:: Recorded information

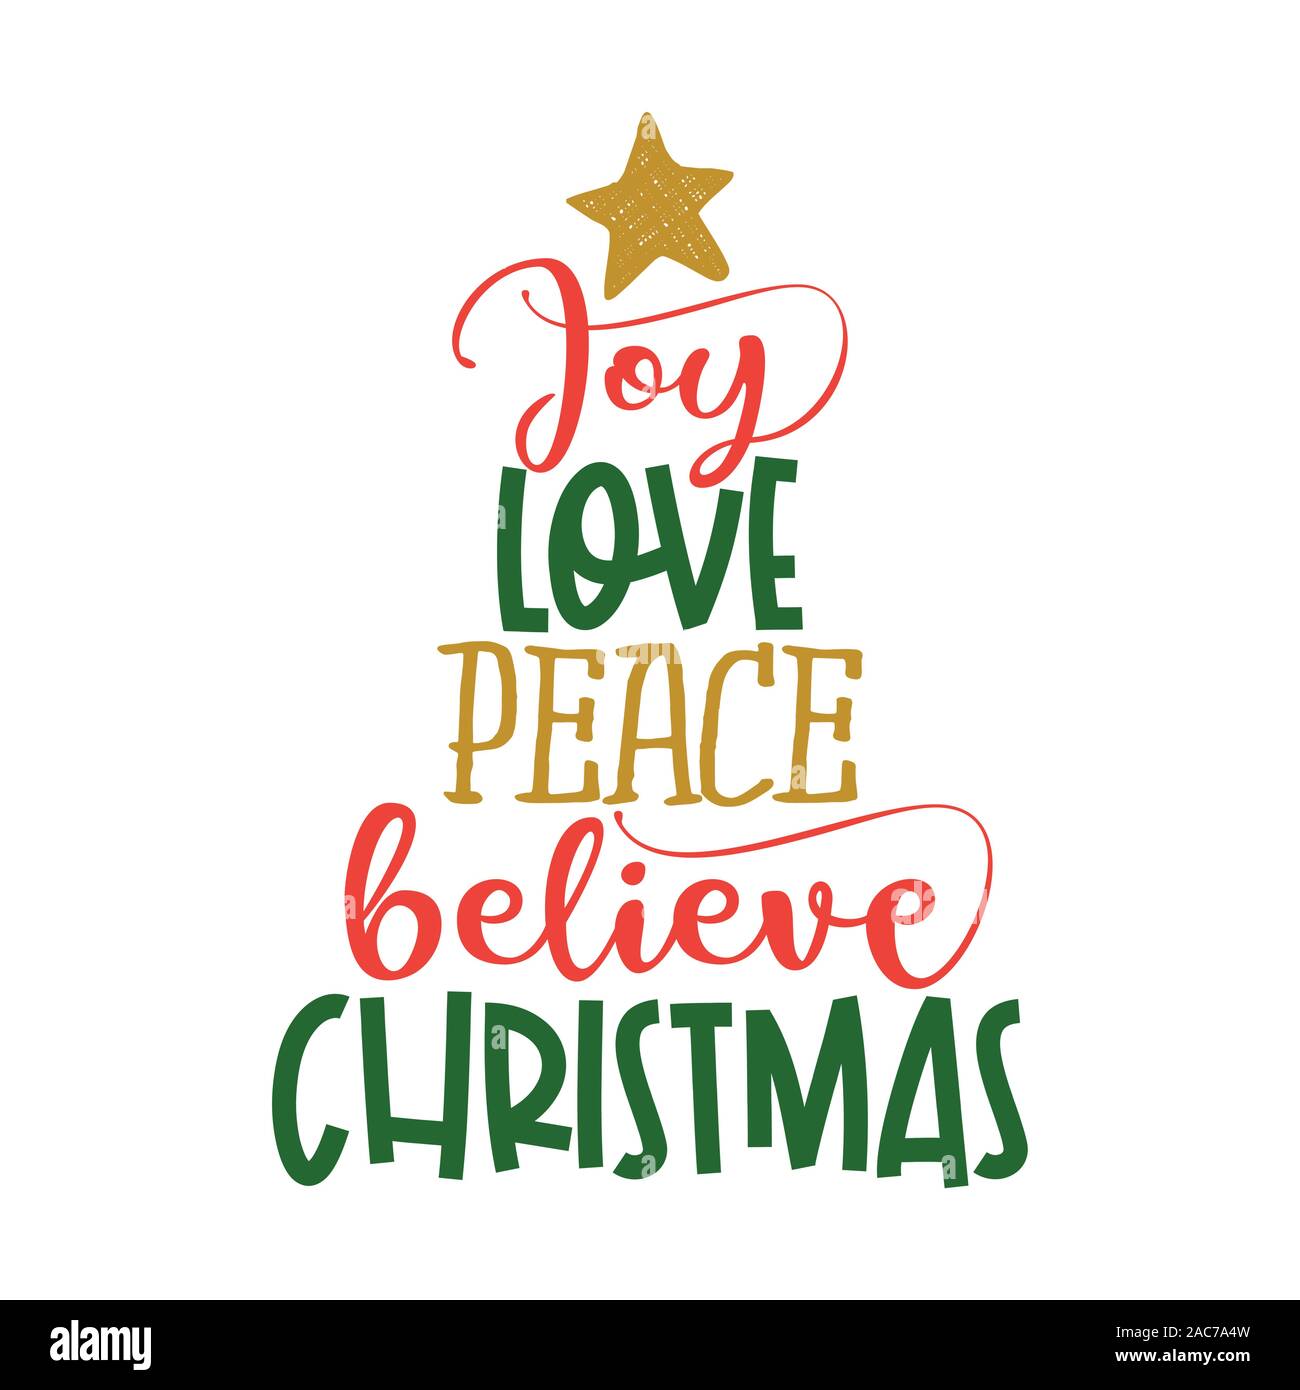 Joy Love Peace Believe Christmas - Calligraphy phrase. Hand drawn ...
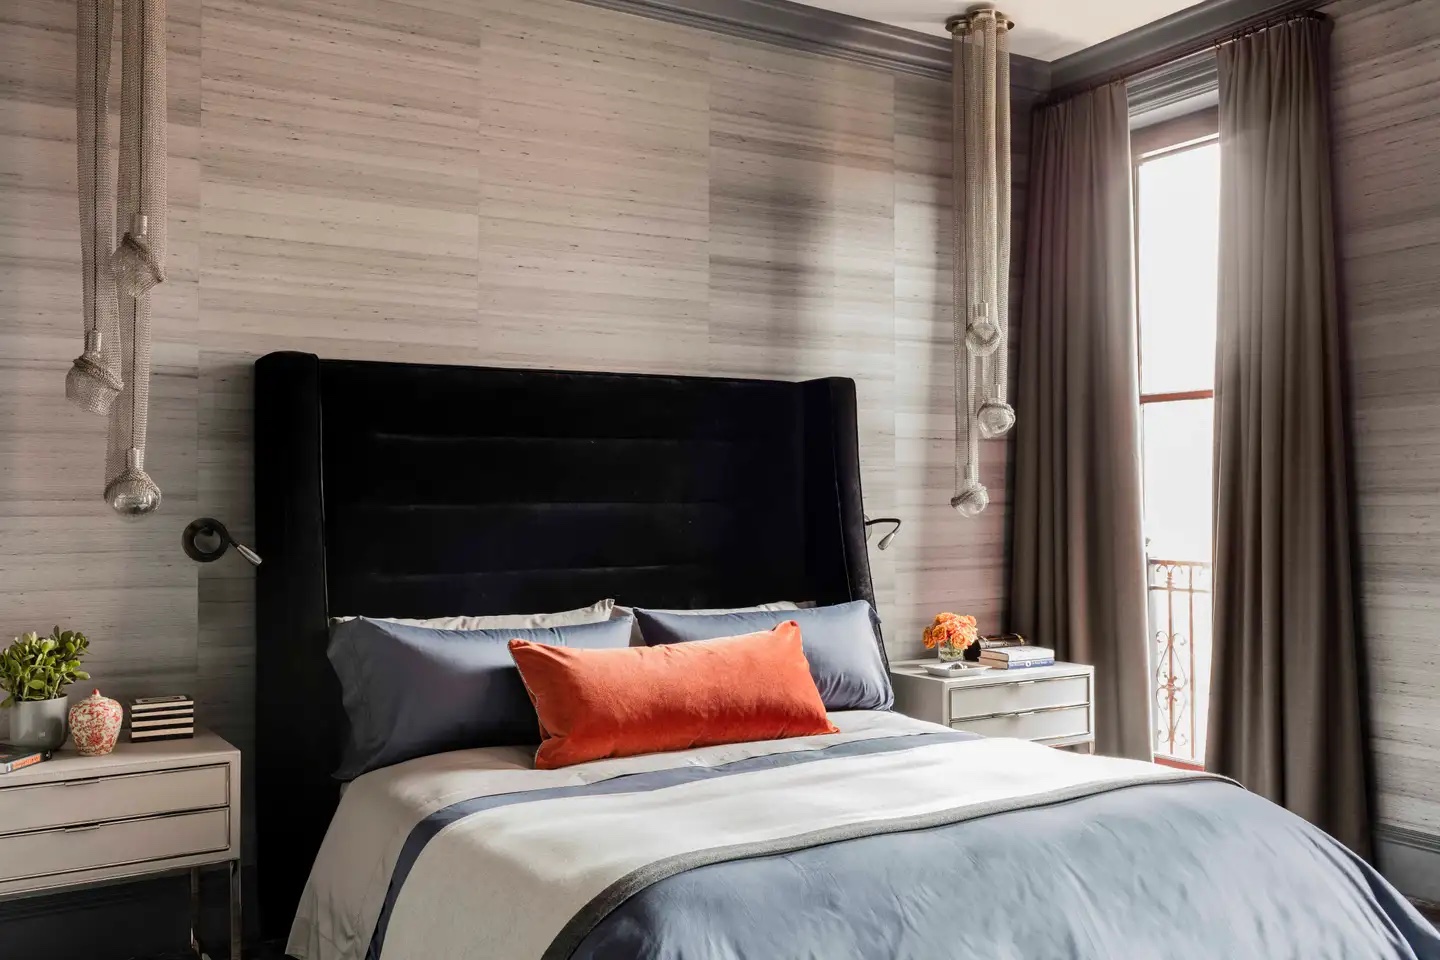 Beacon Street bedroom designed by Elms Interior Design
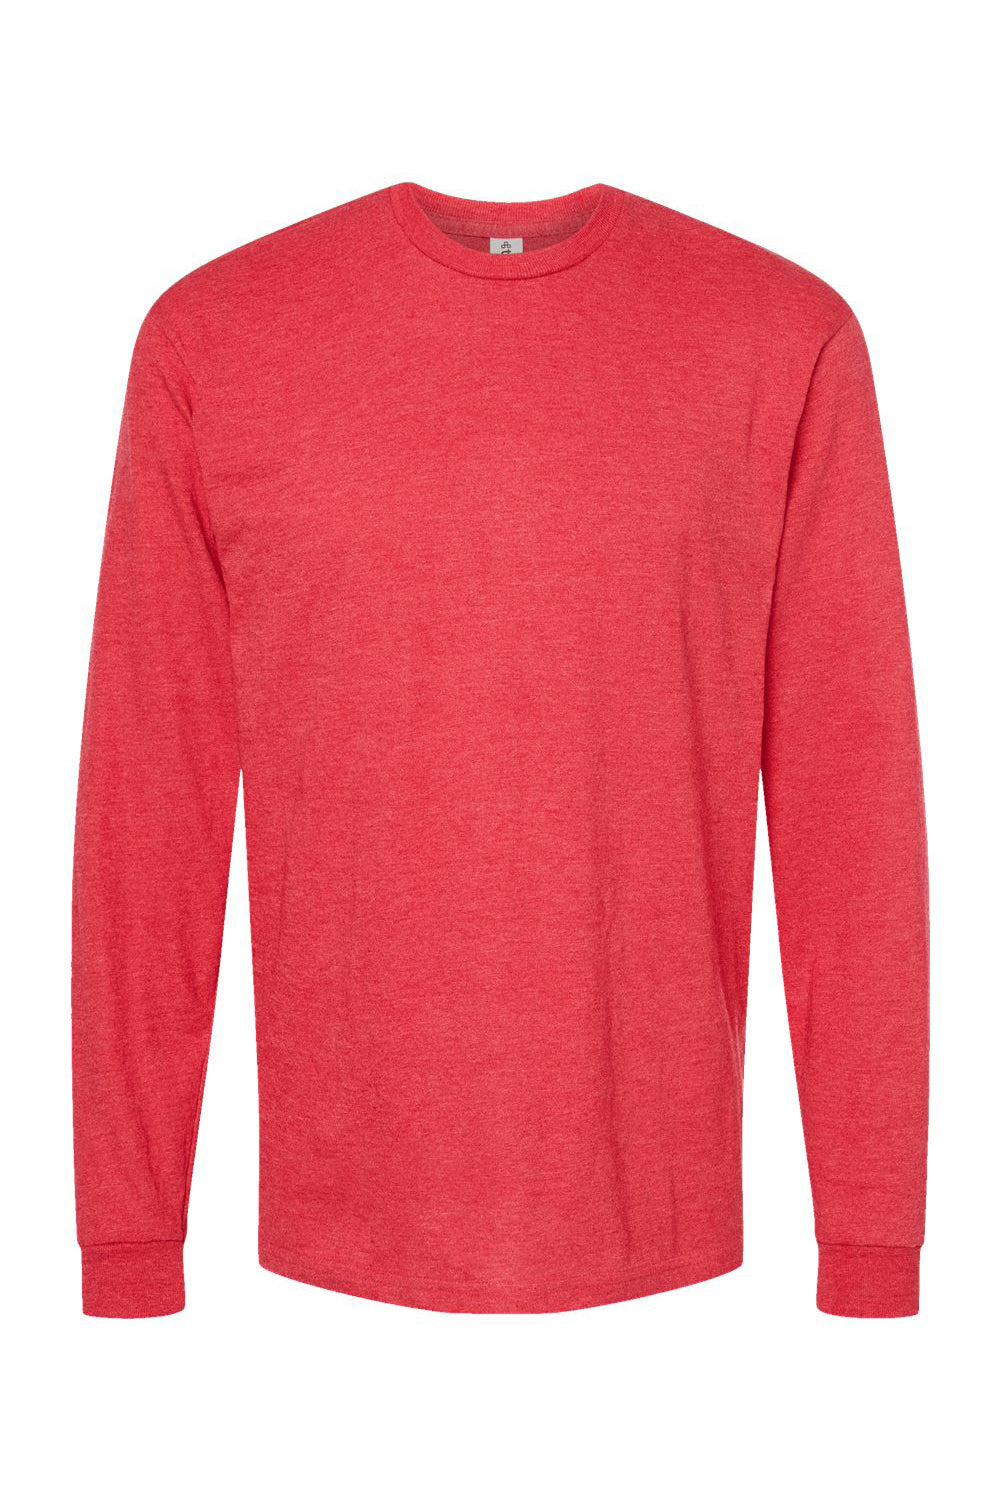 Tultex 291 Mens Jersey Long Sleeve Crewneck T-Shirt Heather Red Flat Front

::::

Please copy the data above word for word, but only from the line that contains "Beacon Street bedroom" through the final line, both included, and without the pictures.

*Task solution*.
 Beacon Street bedroom designed by Elms Interior Design
 Tultex 291 Mens Jersey Long Sleeve Crewneck T-Shirt Heather Red Flat Front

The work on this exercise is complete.